(Available data):
===

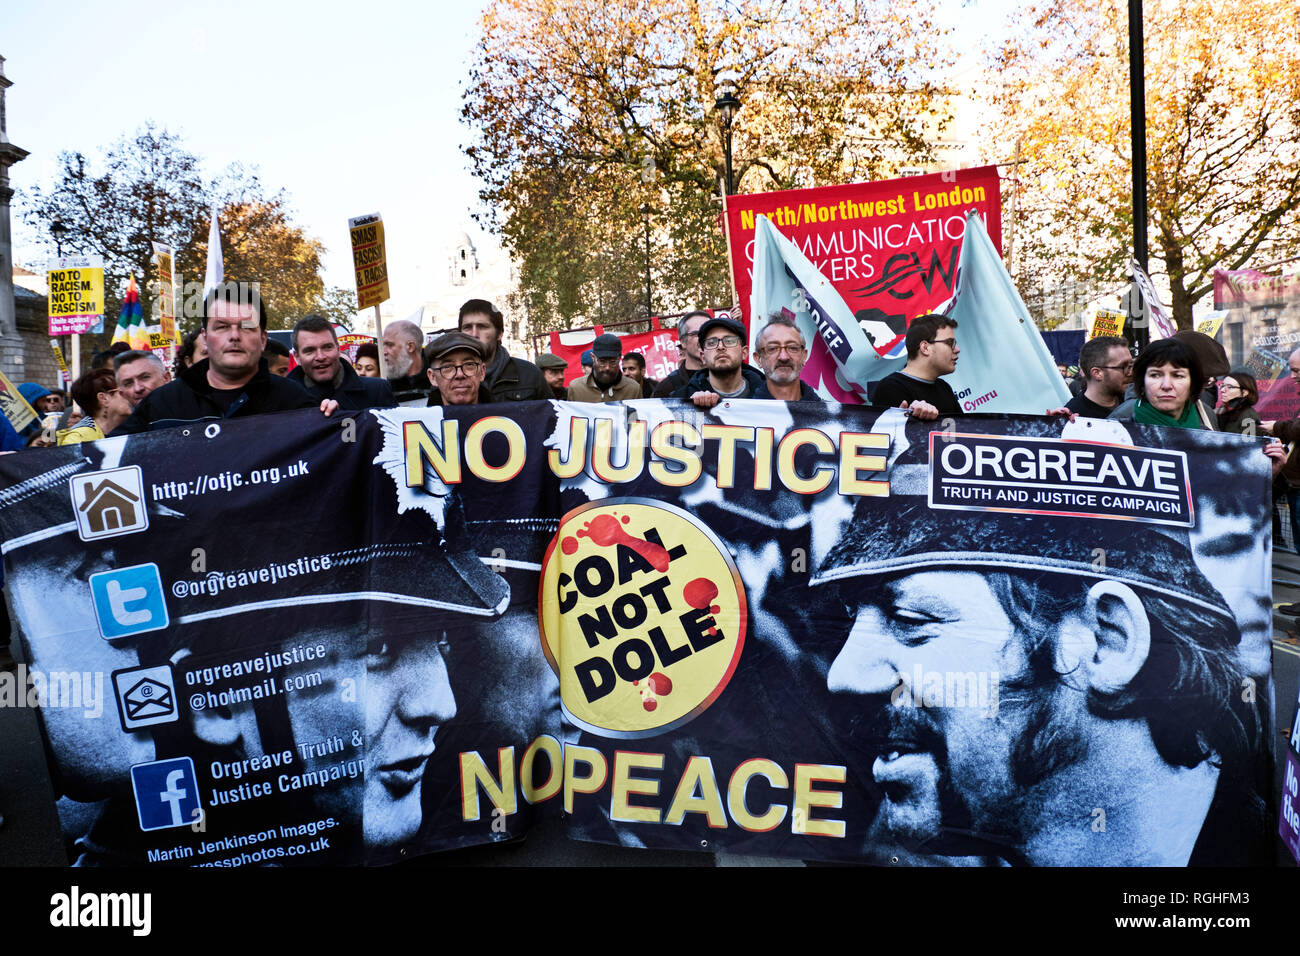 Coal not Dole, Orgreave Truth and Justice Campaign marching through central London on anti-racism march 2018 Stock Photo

===

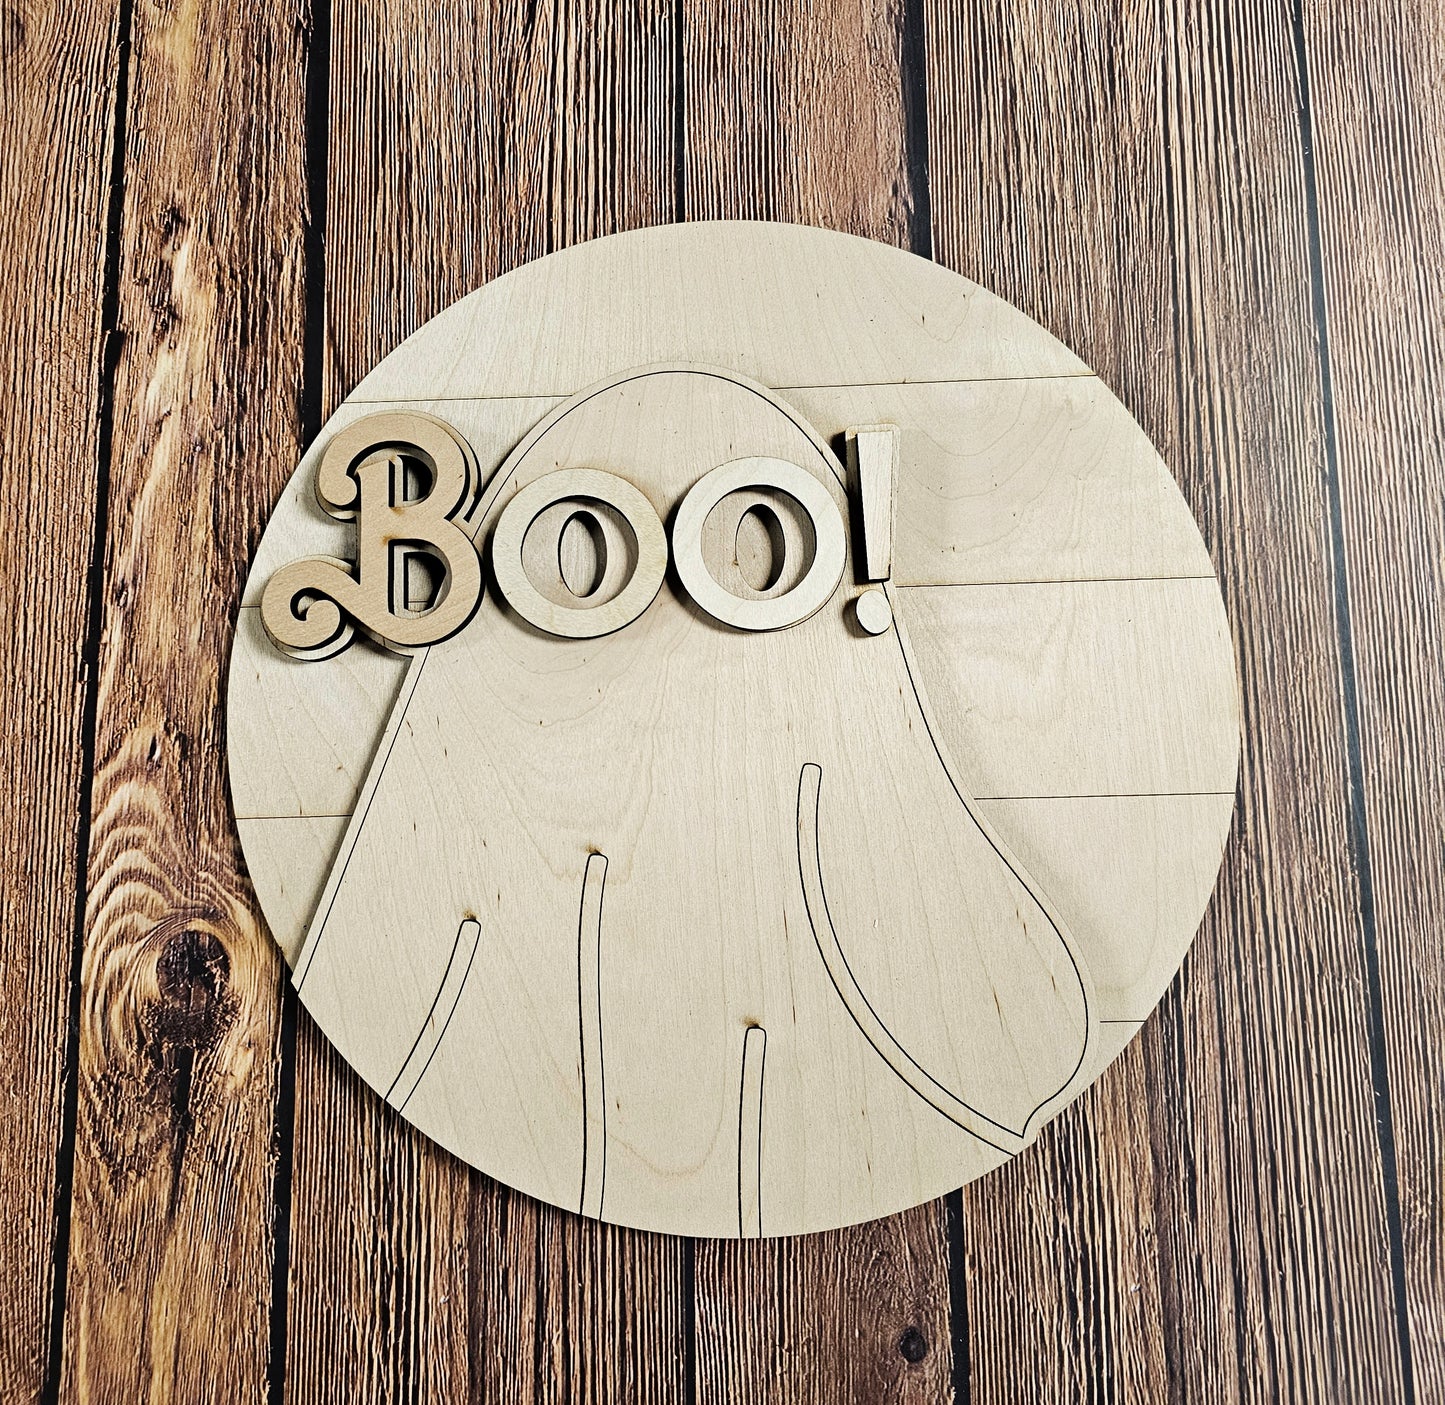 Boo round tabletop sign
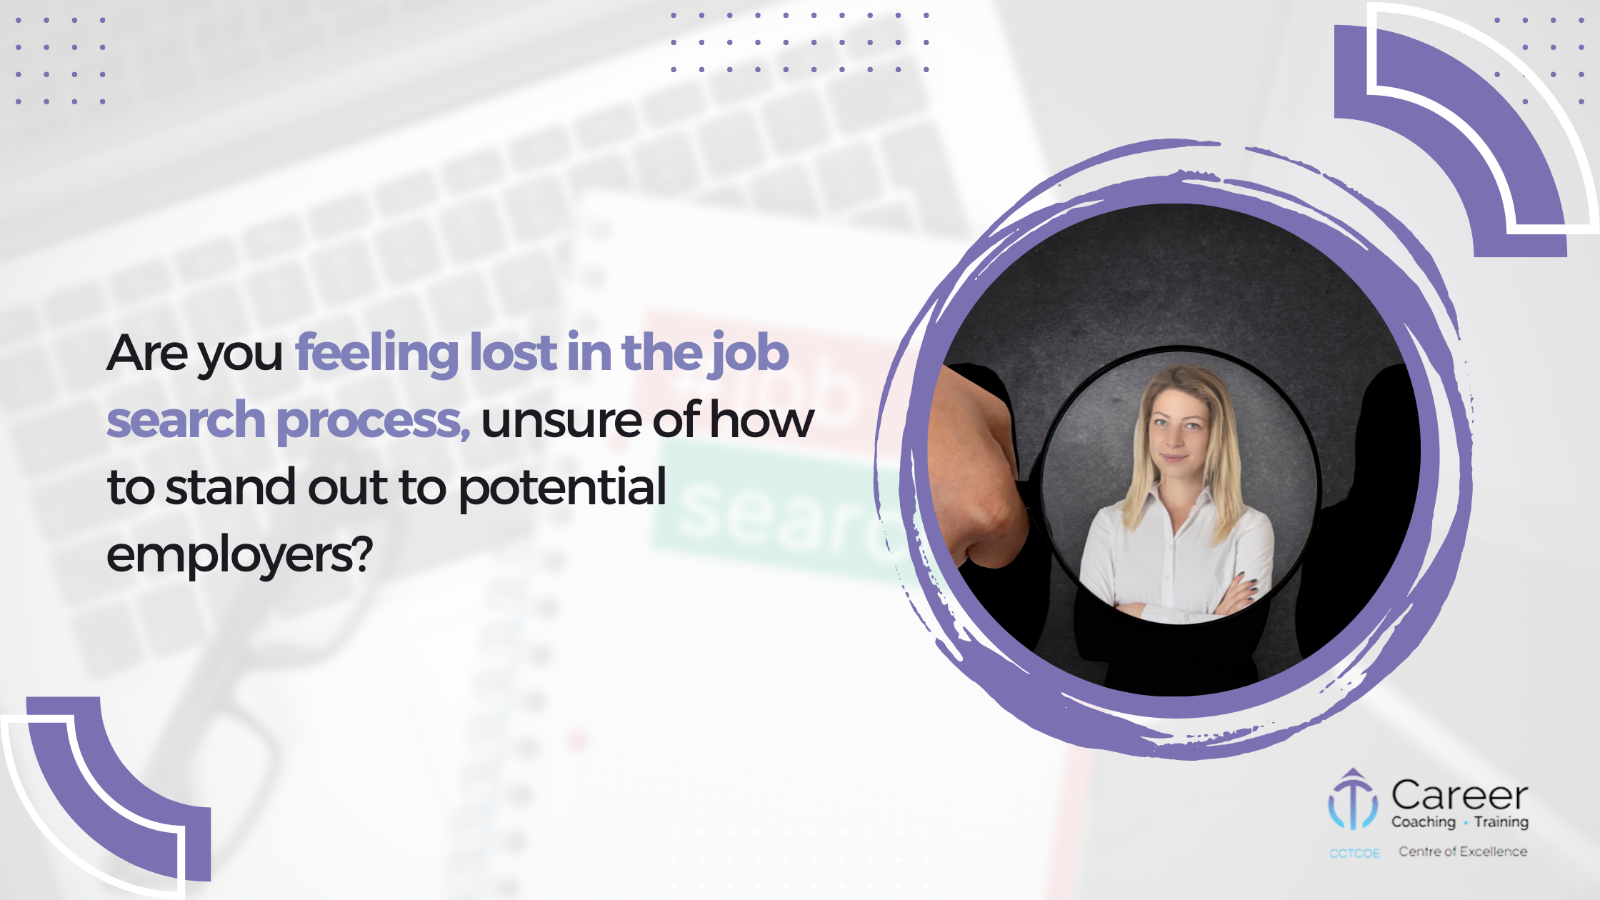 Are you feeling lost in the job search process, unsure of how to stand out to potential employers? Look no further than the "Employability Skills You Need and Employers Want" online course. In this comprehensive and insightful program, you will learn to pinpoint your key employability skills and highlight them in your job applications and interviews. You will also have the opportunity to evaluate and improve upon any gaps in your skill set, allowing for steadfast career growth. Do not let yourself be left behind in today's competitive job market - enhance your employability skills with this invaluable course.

===

(Task goal): Working from the data above, repeat exactly, and only, the lines that begin at the line containing "Boo round tabletop sign" and stop after the line containing "Are you feeling"; pictures are not copied.

(Solution to the problem):
 Boo round tabletop sign
 Are you feeling lost in the job search process, unsure of how to stand out to potential employers? Look no further than the "Employability Skills You Need and Employers Want" online course. In this comprehensive and insightful program, you will learn to pinpoint your key employability skills and highlight them in your job applications and interviews. You will also have the opportunity to evaluate and improve upon any gaps in your skill set, allowing for steadfast career growth. Do not let yourself be left behind in today's competitive job market - enhance your employability skills with this invaluable course.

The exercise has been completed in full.